Code Monkey home page Code Monkey logo

corpus-search-auto's Introduction

CorpusSearchAuto

Automatization tools for CorpusSearch

Summary

CorpusSearchAuto is a Java program that automates large researches in corpus linguistics, it uses CorpusSearch for searching syntactically annotated (parsed) corpora.

The software is a set of tools (currently only have 2 tools, described below).

Features

  • Classify YCOE and PENN corpus by genre (tool: genre-finder)
  • Run bulk searches of lexical and syntactic configurations by genre in several corpora (tool: statistics-by-genres)
  • Export results to HTML and Excel formats
  • Resource optimization

Usage

  CospusSearchAuto -tool [tool] [parameters]

The "data" folder

The "data" folder is a folder in the same directory as the CorpusSearchAuto executable that should store all the corpora files and the CS.jar executable, CorpusSearchAuto will search for both in this directory.

An example of its structure can be:

  data
    corporas
      YCOE
        info
          YcoeTextInfo.htm
          ...
        pos
          coadrian.o34.pos
          ...
        psd
          coadrian.o34.psd
          ...
      PPCEME
        info
          description.html
          ...
        pos
          abott-e1-p1.pos
          ...
        psd
          abott-e1-p1.psd
          ...
    output
      13-04-2017 18.46.36.333 YCOE
        prepositions
          homilies_and_sermons
            result.out
          ...
        ...
      ...
    searches
      queries
        YCOE
          prepositions.q
          ...
        ...
        PENN
          prepositions.q
          ...
        ...
      search.xml
      ...
    CS.jar

NOTE: The only thing that is mandatory to have into the data folder is the corpora and the CS.jar executable, the rest is just a suggestion to organize more efficiently the .q search files and the output files.

The XML search file

CorpusSearchAuto requires an XML file that contains all the information necessary to perform a massive search in corpora, in that file you must specify the variables to be searched (associated with their corresponding .q) and all corpus belonging to each corpora, classified by genre.
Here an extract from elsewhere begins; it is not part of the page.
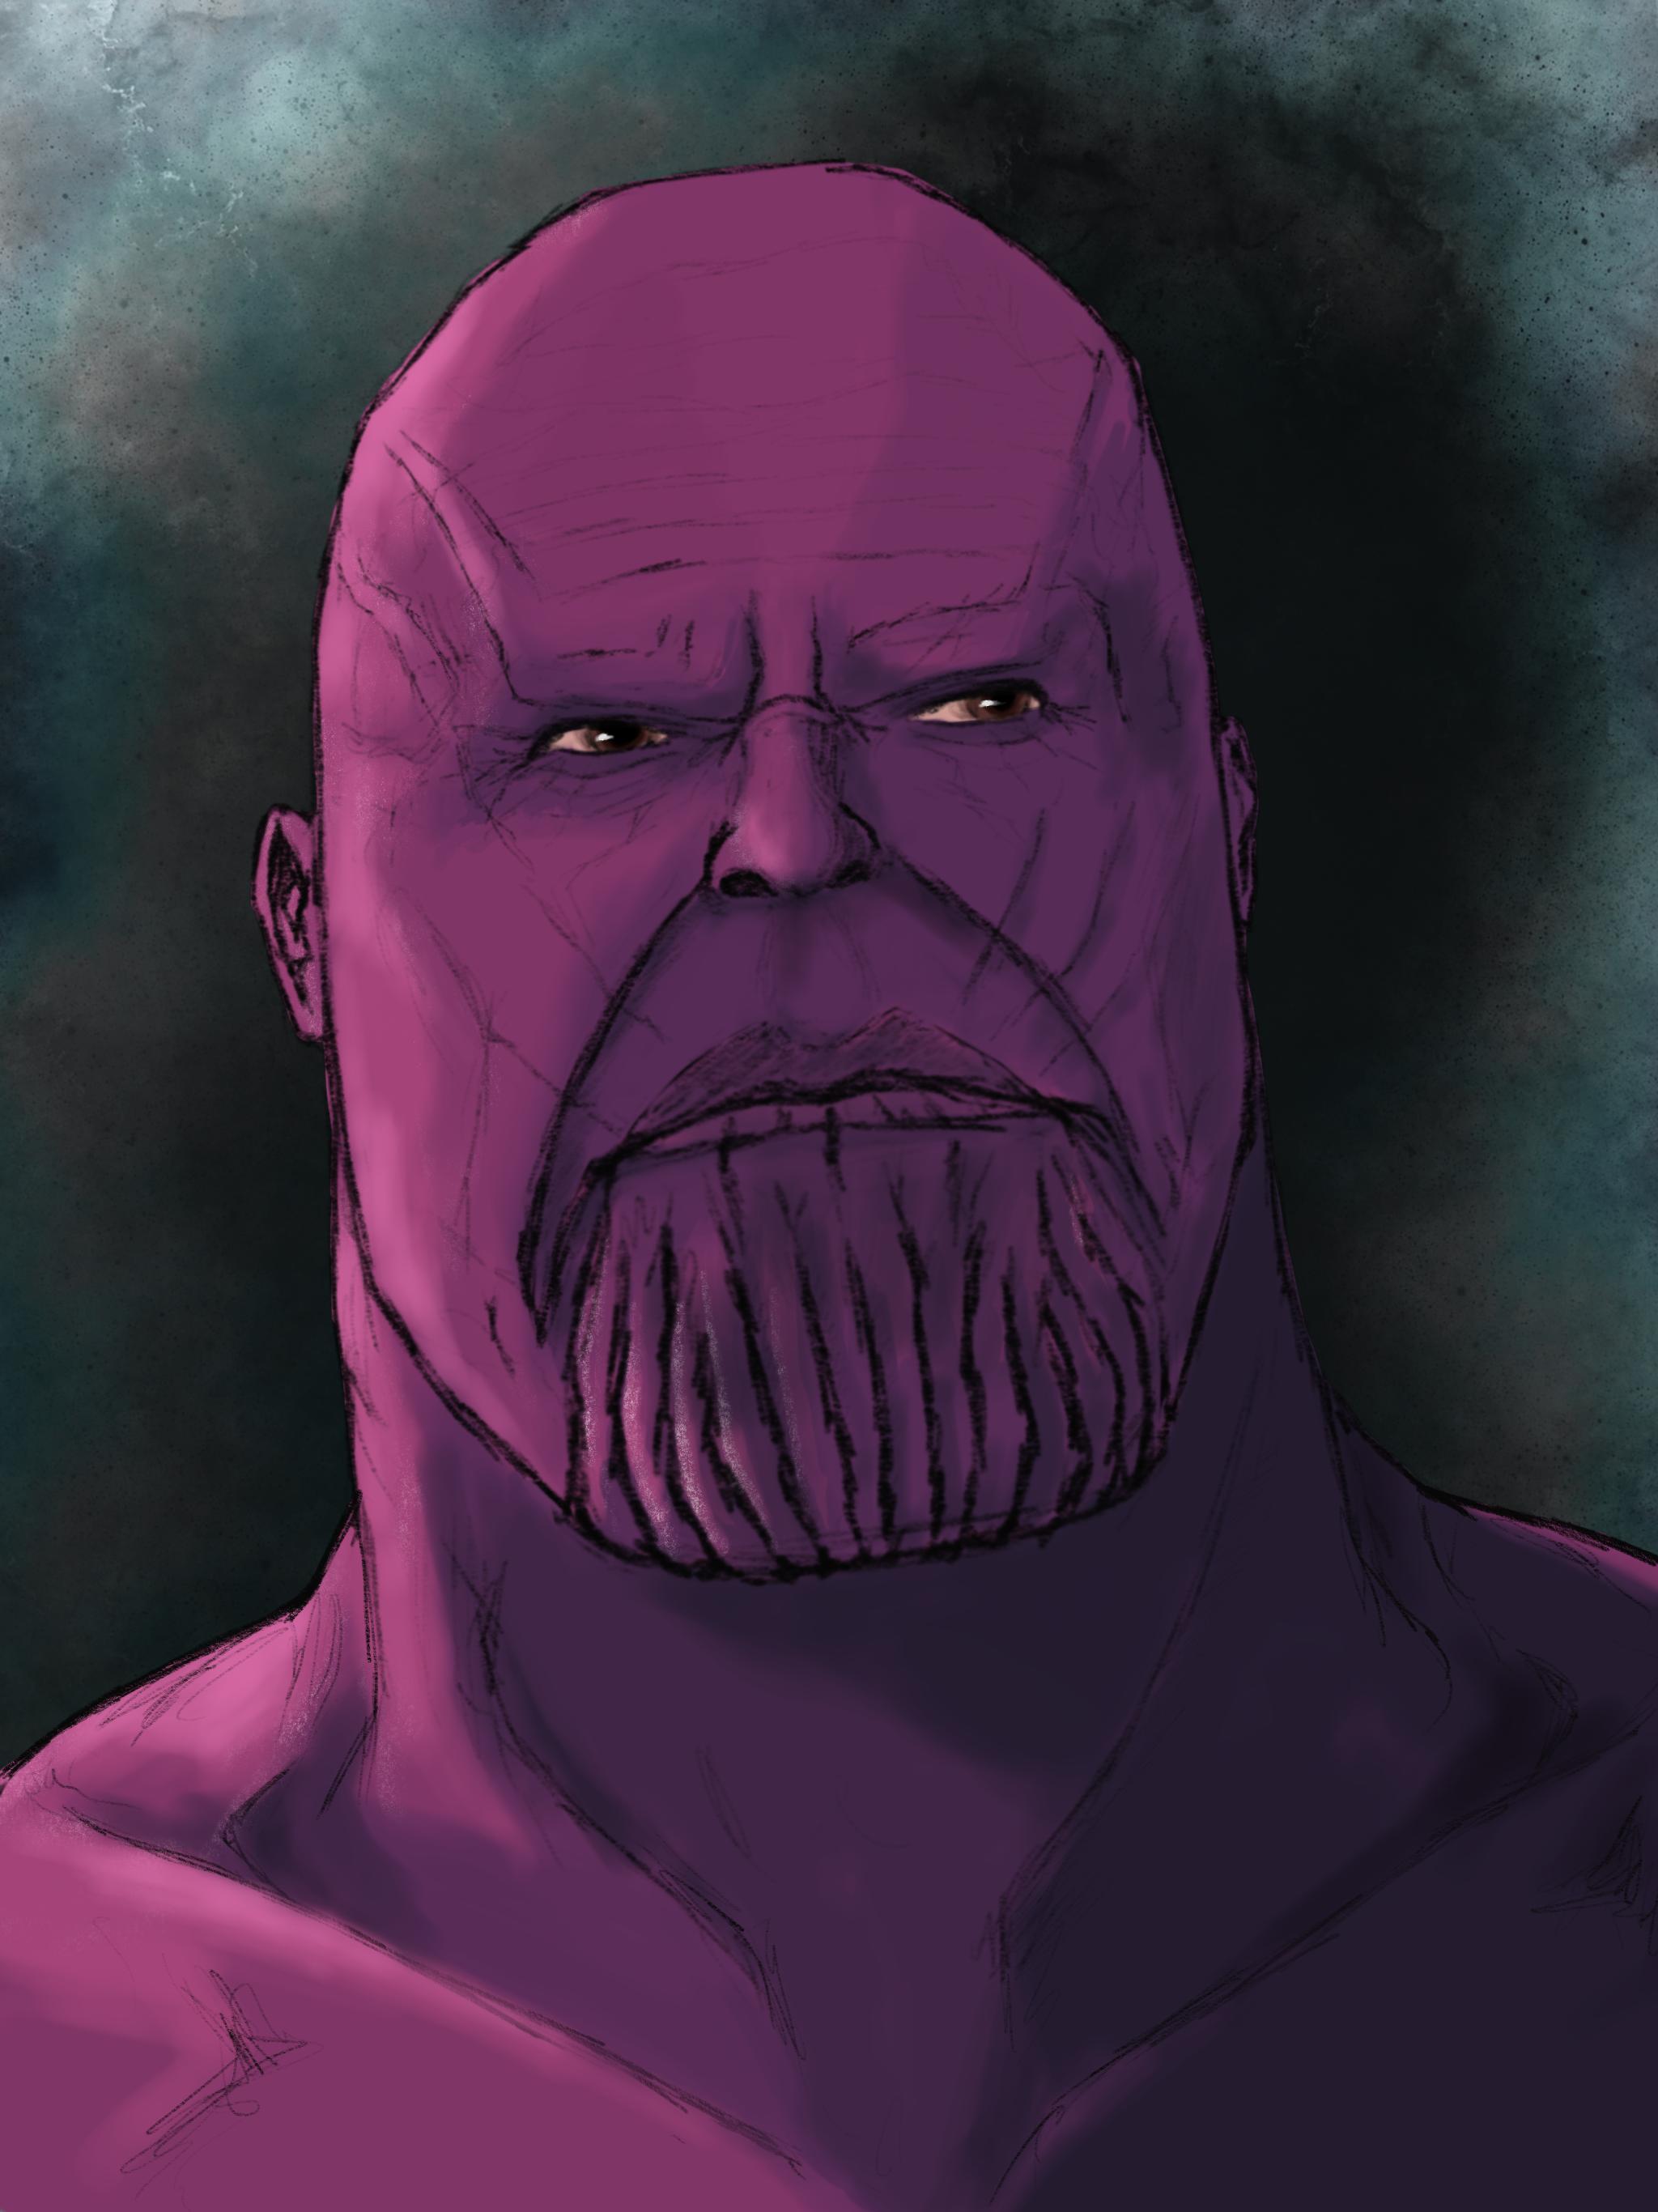 Thanos by TauDA on Newgrounds
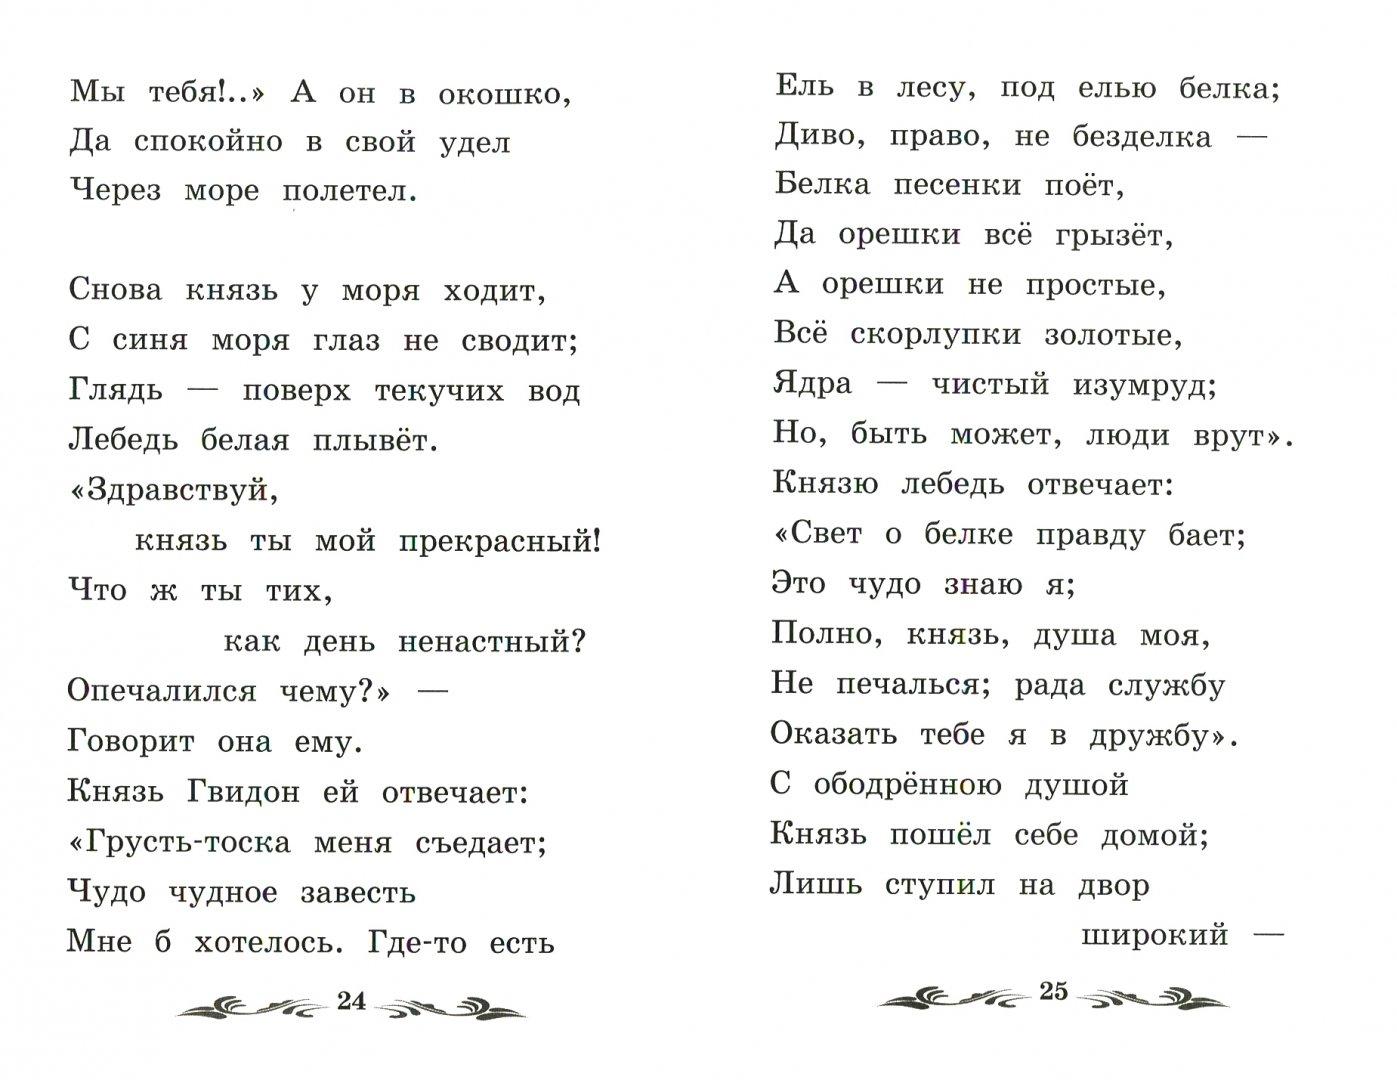 Иллюстрация 1 из 6 для Сказка о царе Салтане - Александр Пушкин   Лабиринт - книги. Источник: Лабиринт

An example of a XML search file would be:

<?xml version="1.0" encoding="UTF-8"?>
<search xmlns="http://corpus.search.auto" xmlns:xsi="http://www.w3.org/2001/XMLSchema-instance">
    <corpora name="YCOE">
        <variables>
            <variable q-file="data\searches\queries\YCOE\adverbial_subordinators.q">Adverbial subordinators</variable>
            <variable q-file="data\searches\queries\YCOE\agentless_passives.q">Agentless passives</variable>
            <variable q-file="data\searches\queries\YCOE\attributive_adjetives.q">Attributive adjetives</variable>
            <variable q-file="data\searches\queries\YCOE\by_passives.q">By passives</variable>
            ...
        </variables>
        <genres>
            <genre name="Philosophy">
                <corpus>coboeth.o2</corpus>
                <corpus>codicts.o34</corpus>
                ...
            </genre>
            <genre name="History">
                <corpus>cobede.o2</corpus>
                <corpus>cochronA.o23</corpus>
                <corpus>cochronC</corpus>
                ...
            </genre>
            ...
        </genres>
    </corpora>
    <corpora name="PPCEME">
        <variables>
            <variable q-file="data\searches\queries\PENN\adverbial_subordinators.q">Adverbial subordinators</variable>
            <variable q-file="data\searches\queries\PENN\agentless_passives.q">Agentless passives</variable>
            <variable q-file="data\searches\queries\PENN\attributive_adjetives.q">Attributive adjetives</variable>
            <variable q-file="data\searches\queries\PENN\by_passives.q">By passives</variable>
            ...
        </variables>
        <genres>
            <genre name="Philosophy">
                <corpus>boethco-e1-h</corpus>
                <corpus>boethco-e1-p1</corpus>
                ...
            </genre>
            <genre name="History">
                <corpus>burnetcha-e3-h</corpus>
                <corpus>burnetcha-e3-p1</corpus>
                <corpus>burnetcha-e3-p2</corpus>
                ...
            </genre>
            ...
        </genres>
    </corpora>
    ...
</search>

Tools

genre-finder

Generates an XML file that lists all the corpus of the specified corpora and classifies them by genres, currently only supports the YCOE and PENN corpora.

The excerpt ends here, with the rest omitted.